### What this task involves
Only the lines below from the one that holds "Sportsmanship-Hug" through the one that holds "Mads Mikkelsen making" should appear in the answer, copied exactly, end lines included and pictures omitted.
*** Data shown Section Begins ***
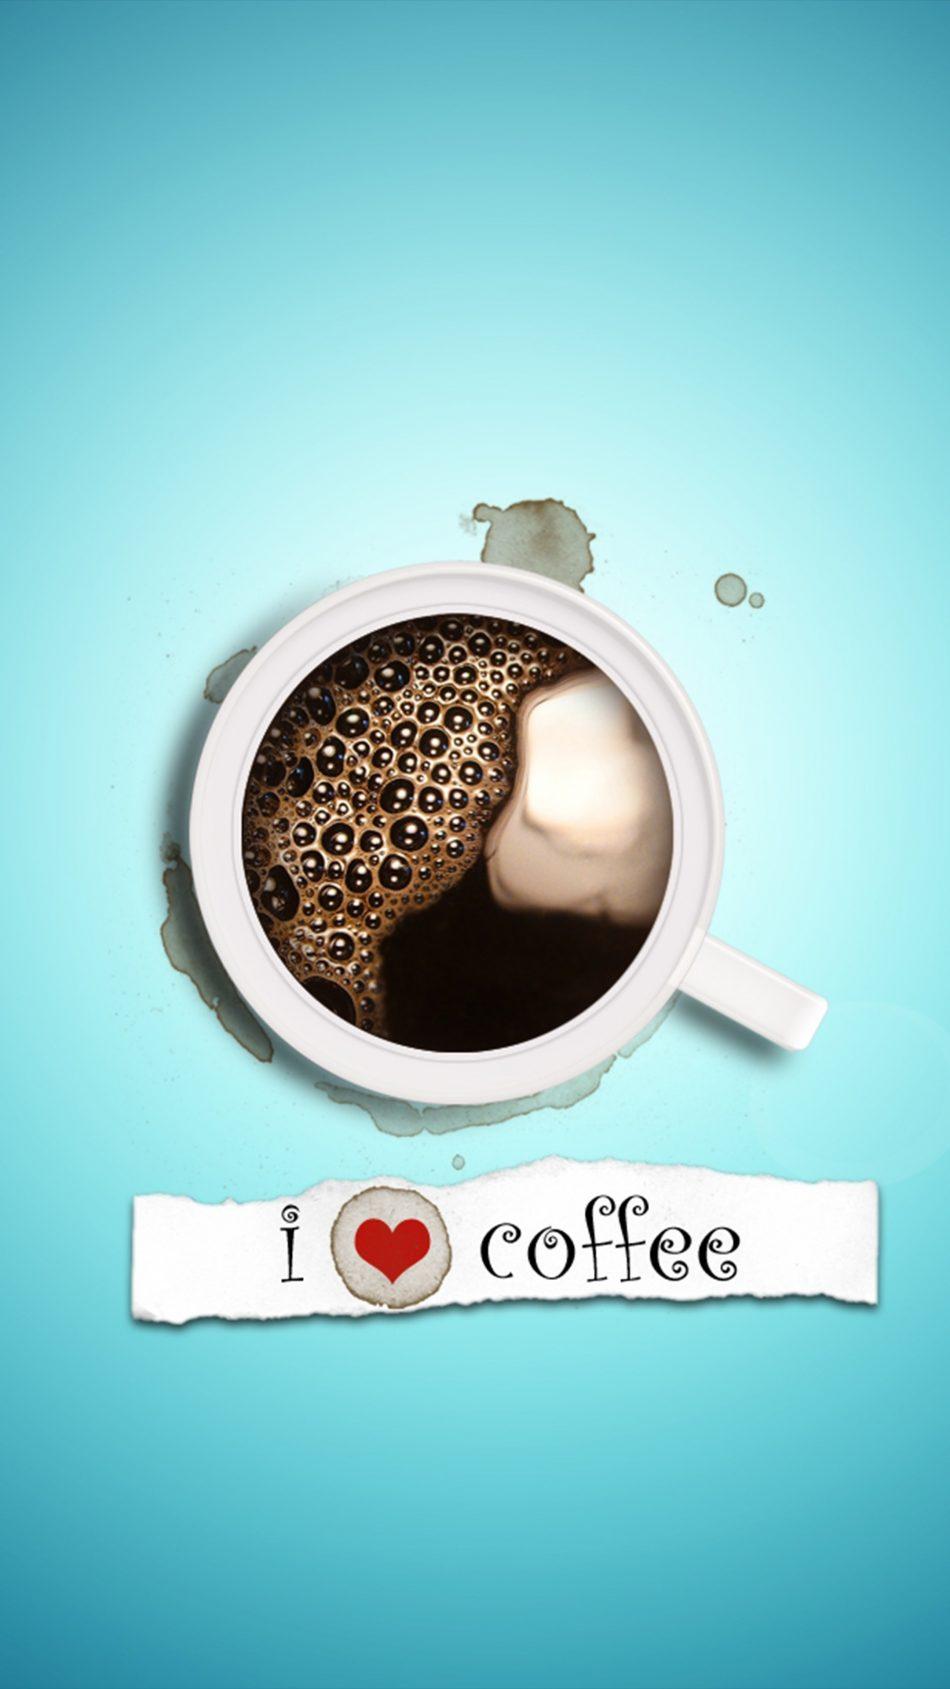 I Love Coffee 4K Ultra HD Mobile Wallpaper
*** Data shown Section Ends ***
*** Data shown Section Begins ***
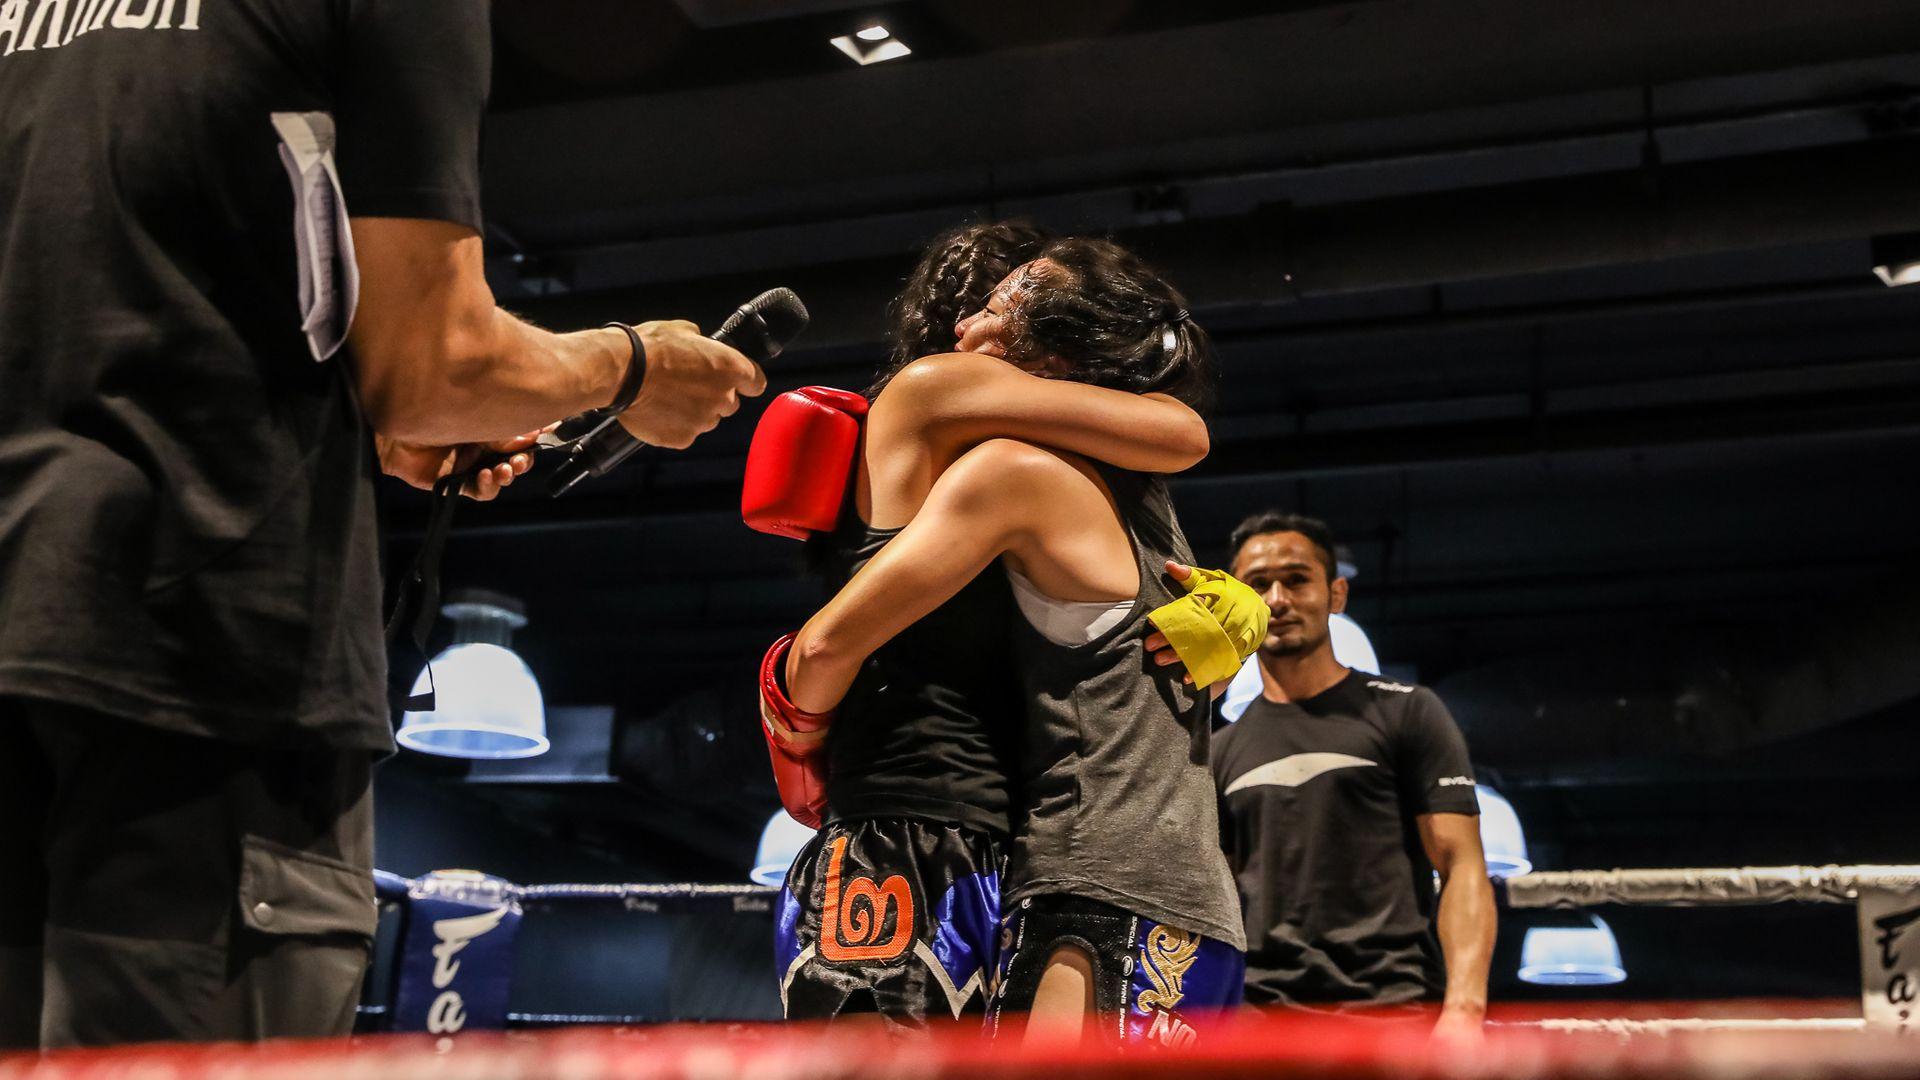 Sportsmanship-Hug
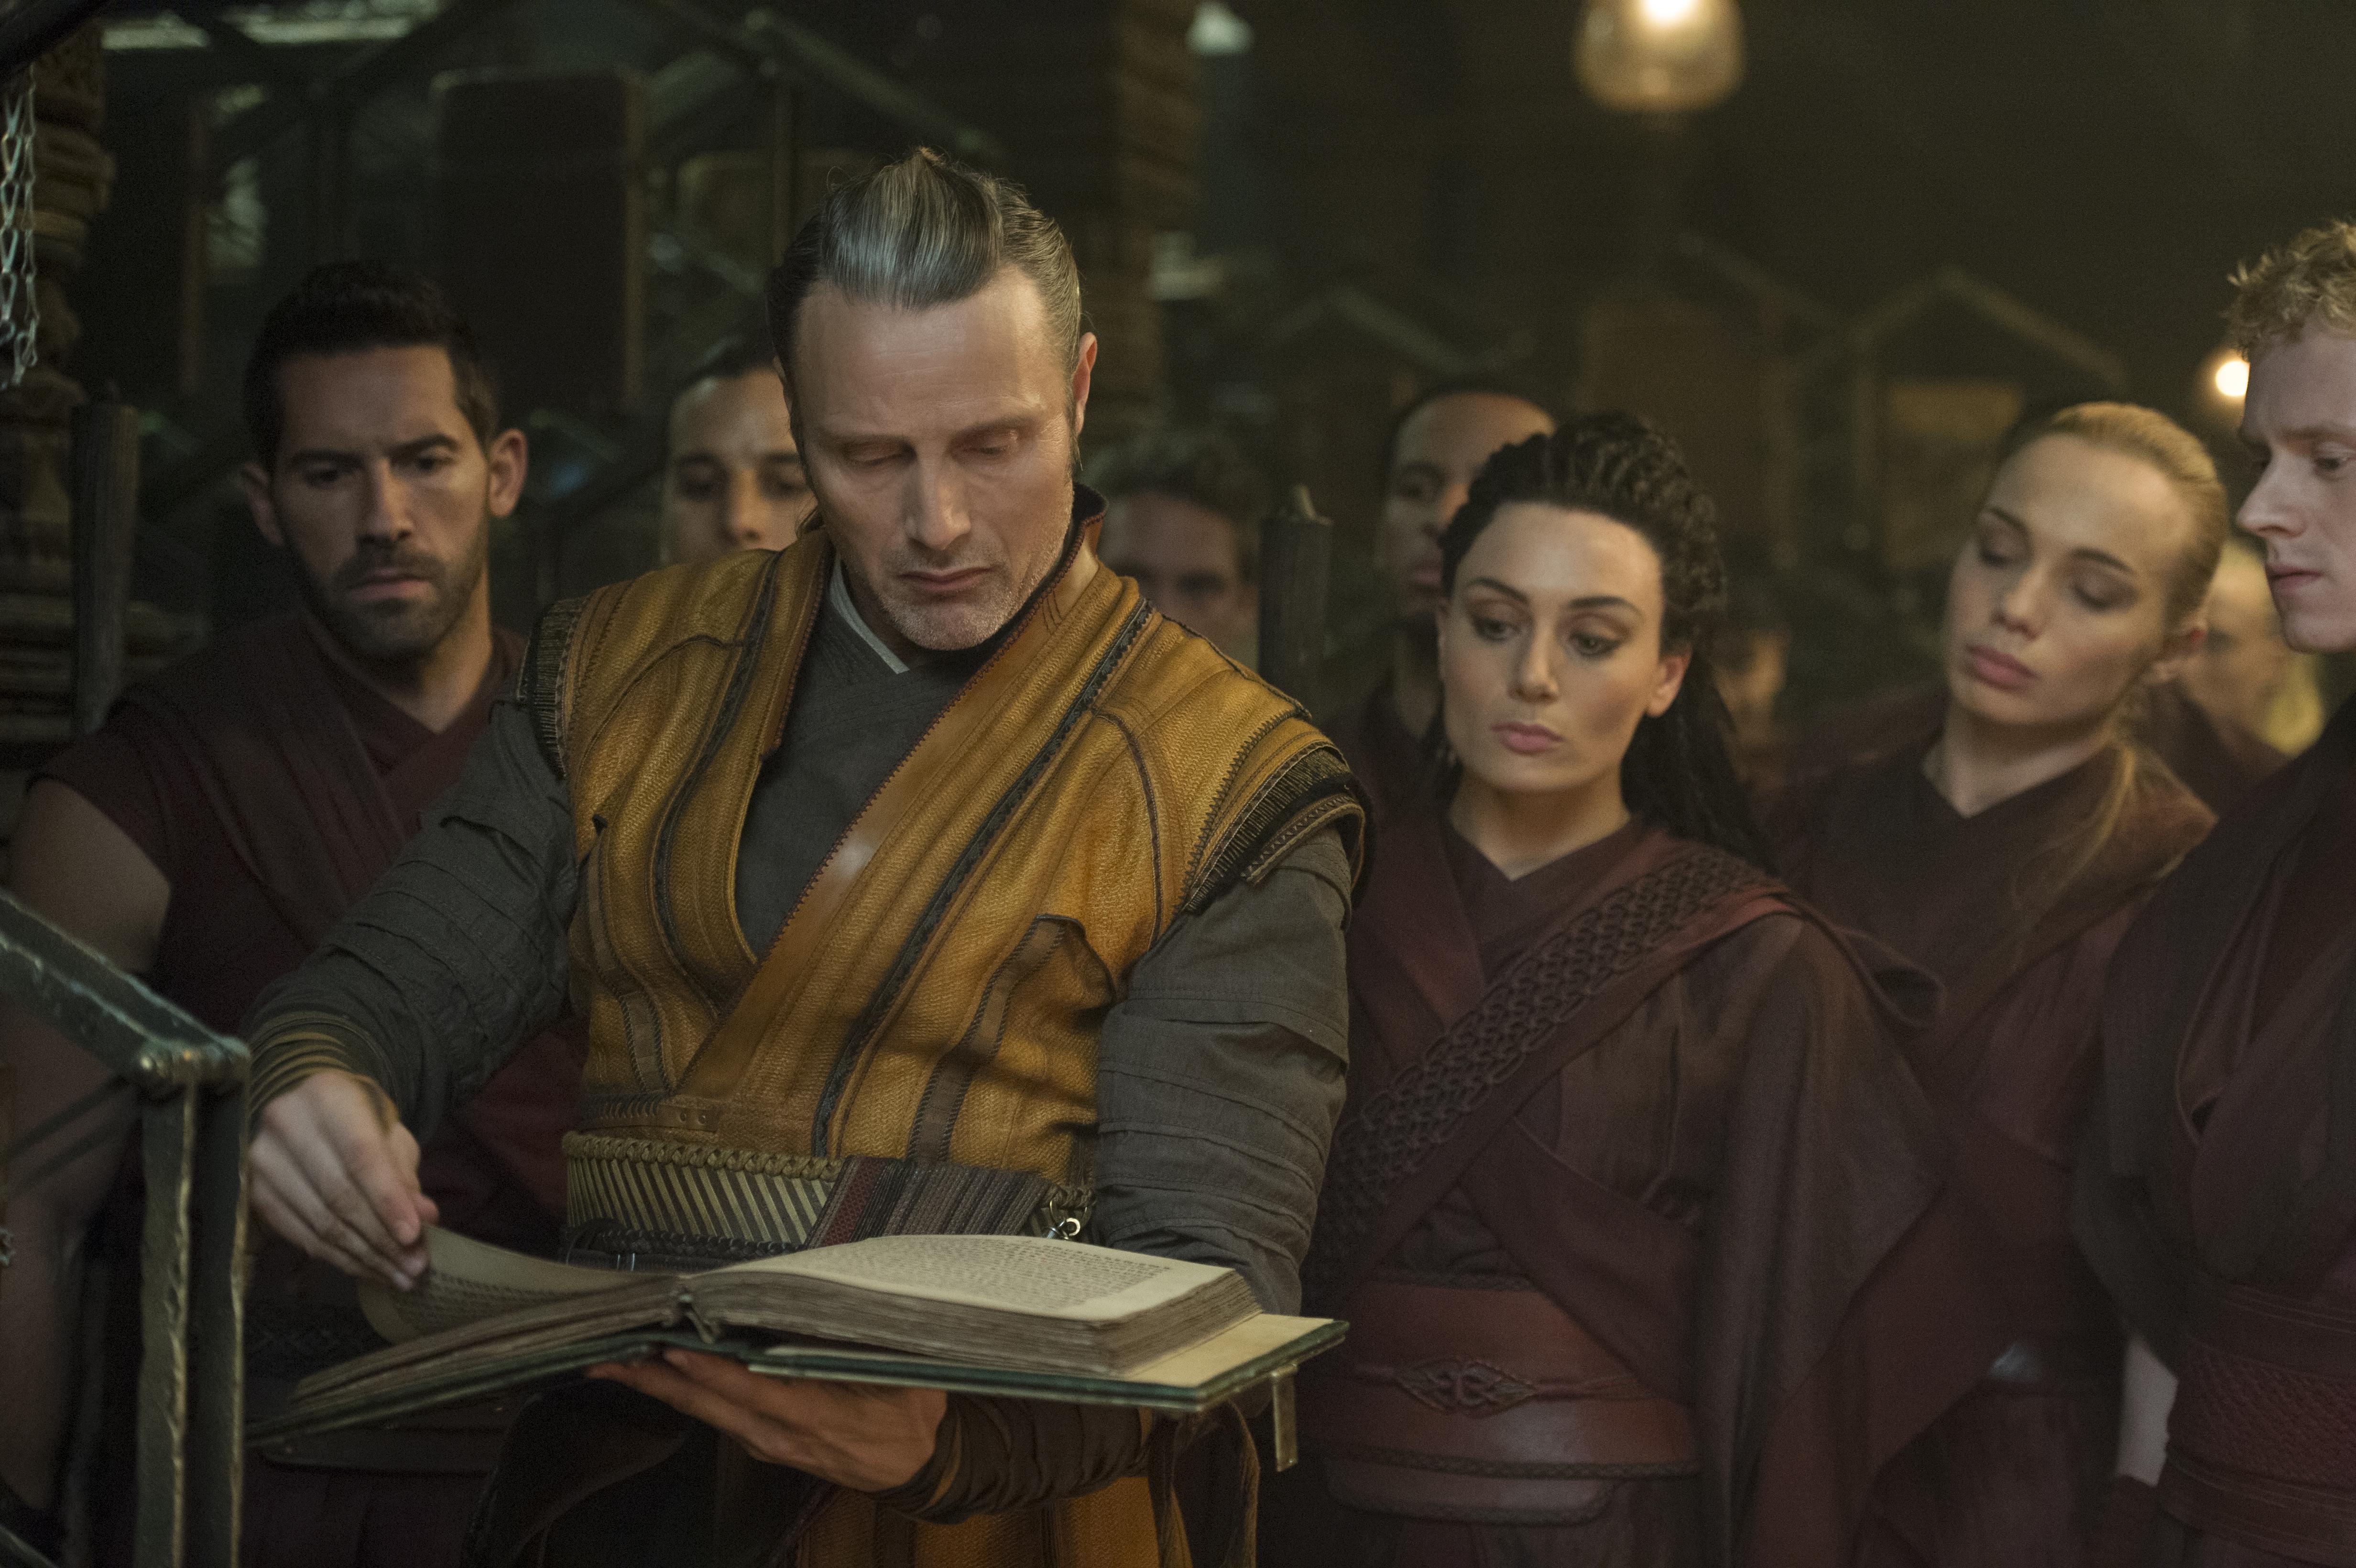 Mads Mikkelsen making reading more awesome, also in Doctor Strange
*** Data shown Section Ends ***
*** Data shown Section Begins ***
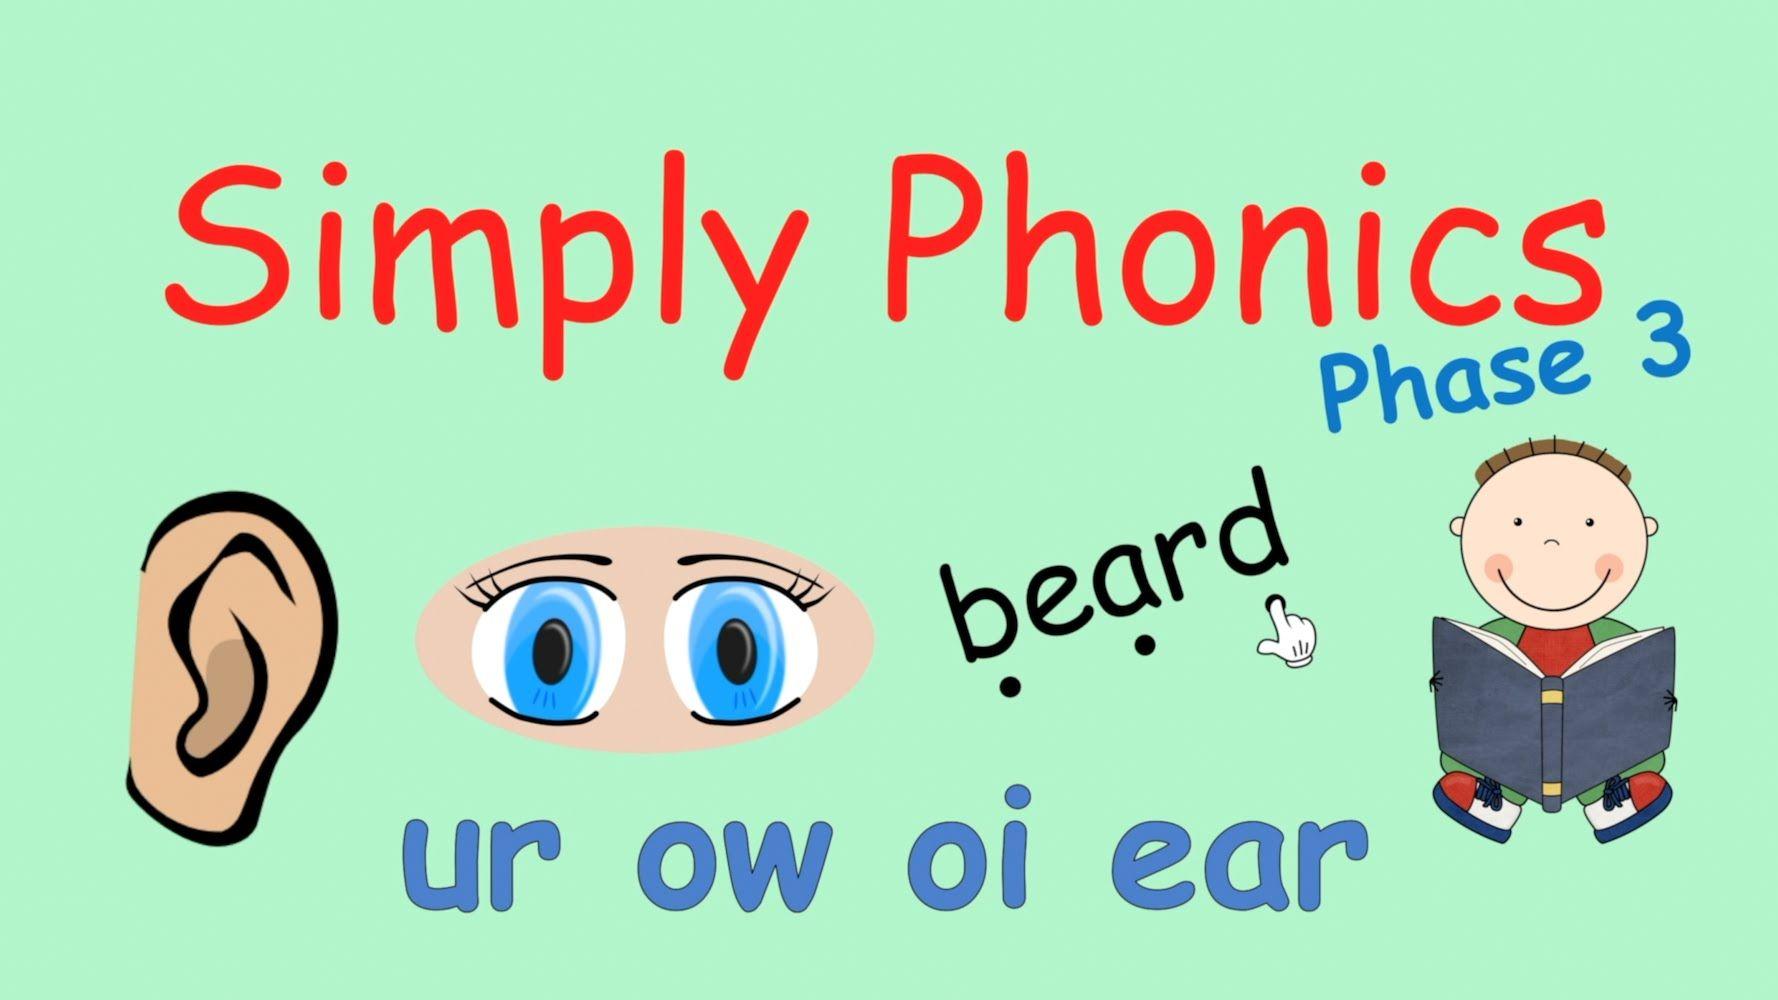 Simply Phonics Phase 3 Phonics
*** Data shown Section Ends ***
### Reply
 Sportsmanship-Hug
 Mads Mikkelsen making reading more awesome, also in Doctor Strange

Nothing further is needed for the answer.